Micah’s synopsis of his generation was a one-liner: “For this is an evil time” (Micah 2:3). His reason for this blanket condemnation originated with a poor attitude toward God’s Word, which rejected any message that was not pleasant to the ear. Micah’s reminders were becoming burdensome to this rebellious people who looked down their well-to-do noses and disrespected him. “‘Do not prattle,’ you say to those who preach” (Micah 2:6).

It can be extremely discouraging for elders, teachers or preachers to hear this colorful response, in its many shades and textures. It betrays an unwillingness in an audience to prioritize God’s Revelation. Worse, when there is a void of God’s truth, the replacement is always detrimental. “If a man should walk in a false spirit and speak a lie, saying, ‘I will prophesy to you of wine and drink,’ even he would be the prattler of this people” (Micah 2:11). Oh, the danger of that sweet-talking liar!

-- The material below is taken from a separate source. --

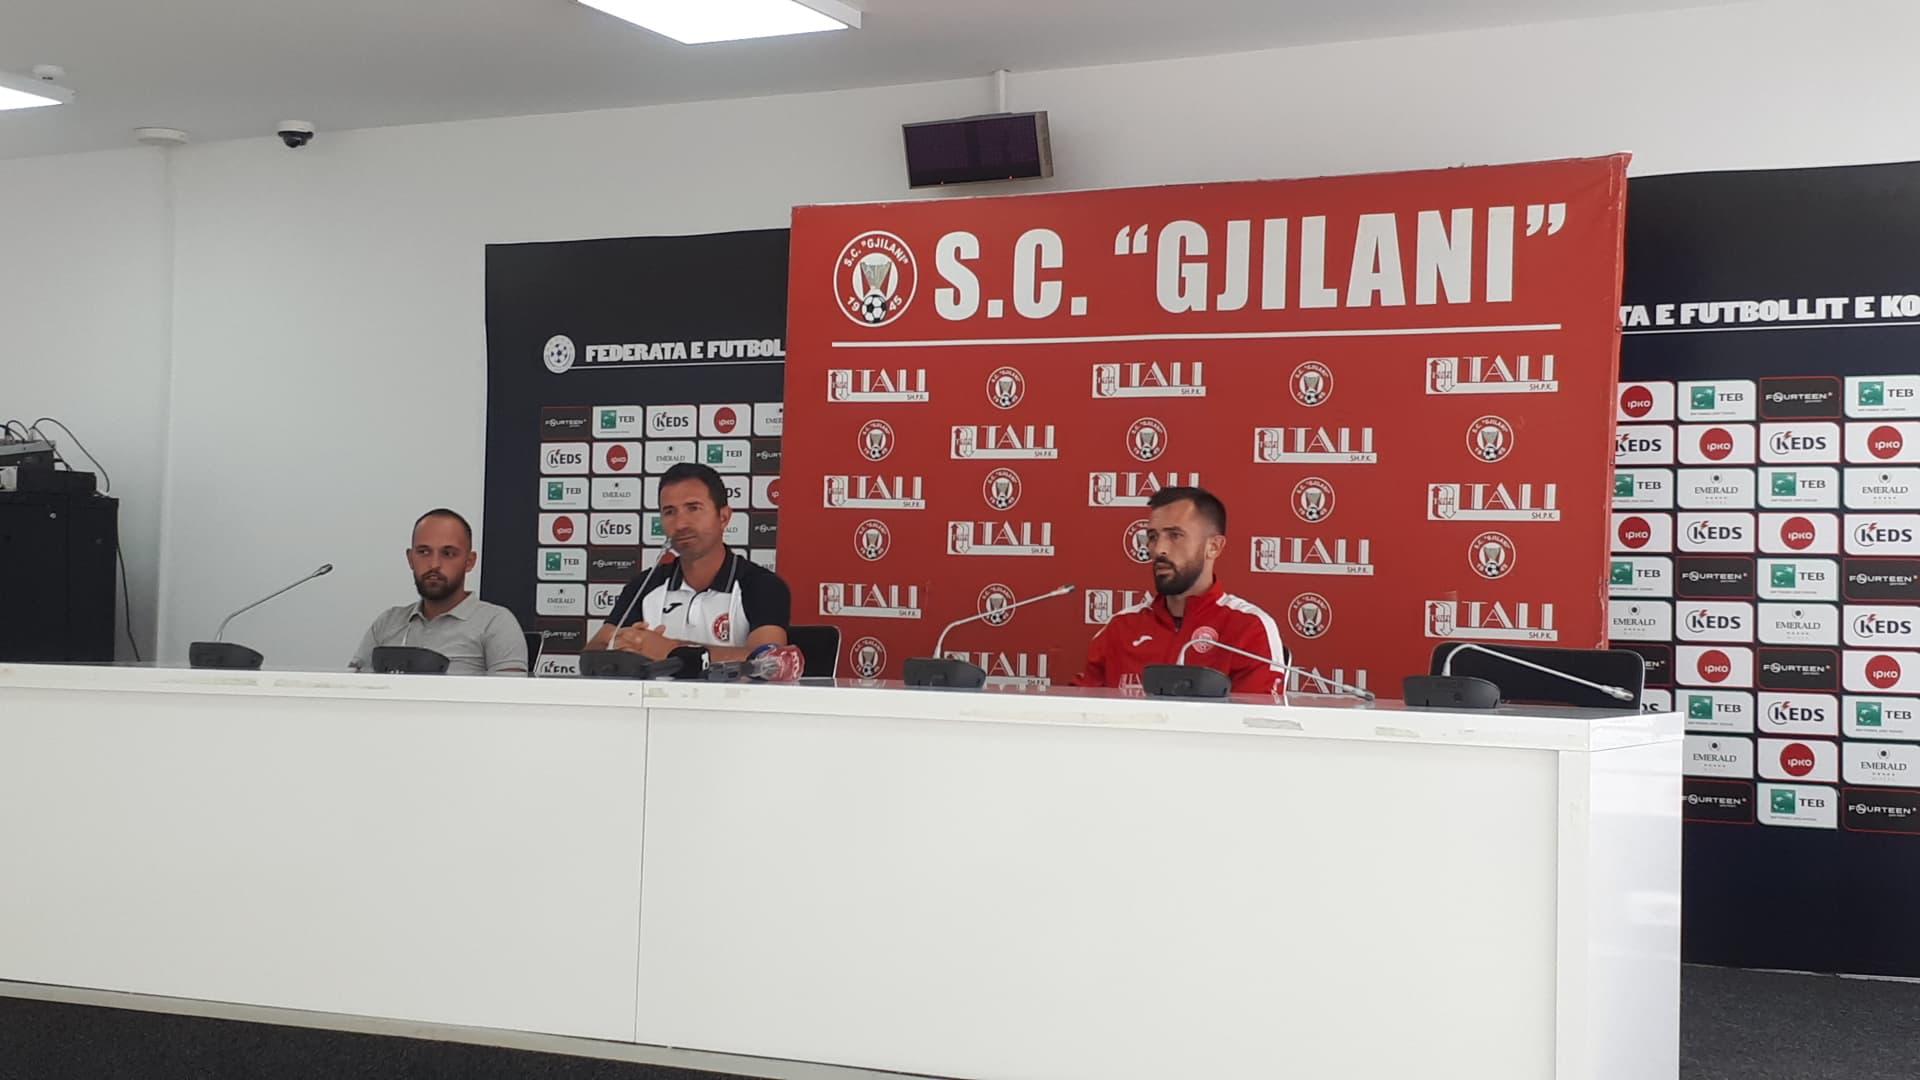 Gjilani nuk i frikësohet APOEL-it, Mezani e Usenin njëzëri: Gjasat e barabarta, duam ta fitojmë ndeshjen

Unwitting “children,” who prefer personal pleasure to prophetic perspective, can expect an unnecessarily painful and disappointing life, followed by eternal destruction. God, through the preacher asks, “Do not my words do good to him who walks uprightly?” (Micah 2:7, this is a rhetorical question implying the evil that will befall all those who ignore God). God loves us and His words of warning are for our own good.

“Do not be wise in your own eyes; Fear the Lord and depart from evil. It will be health to your flesh, and strength to your bones” (Proverbs 3:7-8). This is not prattling.